## Description of the task
The output is the line holding "Garden Statue Kwan" and all lines after it to the end of the records below; restate them unchanged and add nothing.

(Recorded data)
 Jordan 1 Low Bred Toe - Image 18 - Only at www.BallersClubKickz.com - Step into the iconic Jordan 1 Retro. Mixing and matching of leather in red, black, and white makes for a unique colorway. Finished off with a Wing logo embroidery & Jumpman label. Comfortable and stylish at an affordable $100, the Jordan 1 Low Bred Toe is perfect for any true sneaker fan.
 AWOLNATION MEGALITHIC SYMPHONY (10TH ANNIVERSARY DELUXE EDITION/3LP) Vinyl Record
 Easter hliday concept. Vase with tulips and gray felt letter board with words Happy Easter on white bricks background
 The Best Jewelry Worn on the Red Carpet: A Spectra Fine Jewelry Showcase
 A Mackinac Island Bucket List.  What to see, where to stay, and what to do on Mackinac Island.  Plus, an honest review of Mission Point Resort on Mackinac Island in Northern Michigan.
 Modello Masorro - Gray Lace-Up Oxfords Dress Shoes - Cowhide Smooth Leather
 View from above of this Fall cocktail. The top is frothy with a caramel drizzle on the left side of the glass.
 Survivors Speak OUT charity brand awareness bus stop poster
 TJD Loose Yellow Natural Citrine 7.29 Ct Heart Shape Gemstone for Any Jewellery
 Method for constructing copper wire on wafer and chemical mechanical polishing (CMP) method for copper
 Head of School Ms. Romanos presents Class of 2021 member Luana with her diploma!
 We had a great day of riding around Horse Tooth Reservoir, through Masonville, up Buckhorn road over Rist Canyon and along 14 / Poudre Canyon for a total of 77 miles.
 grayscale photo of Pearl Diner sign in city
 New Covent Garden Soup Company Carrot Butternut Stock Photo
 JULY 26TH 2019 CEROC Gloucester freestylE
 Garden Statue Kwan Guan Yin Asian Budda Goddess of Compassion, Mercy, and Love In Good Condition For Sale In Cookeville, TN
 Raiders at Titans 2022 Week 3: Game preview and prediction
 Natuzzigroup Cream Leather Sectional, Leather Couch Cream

## Finished task
 Garden Statue Kwan Guan Yin Asian Budda Goddess of Compassion, Mercy, and Love In Good Condition For Sale In Cookeville, TN
 Raiders at Titans 2022 Week 3: Game preview and prediction
 Natuzzigroup Cream Leather Sectional, Leather Couch Cream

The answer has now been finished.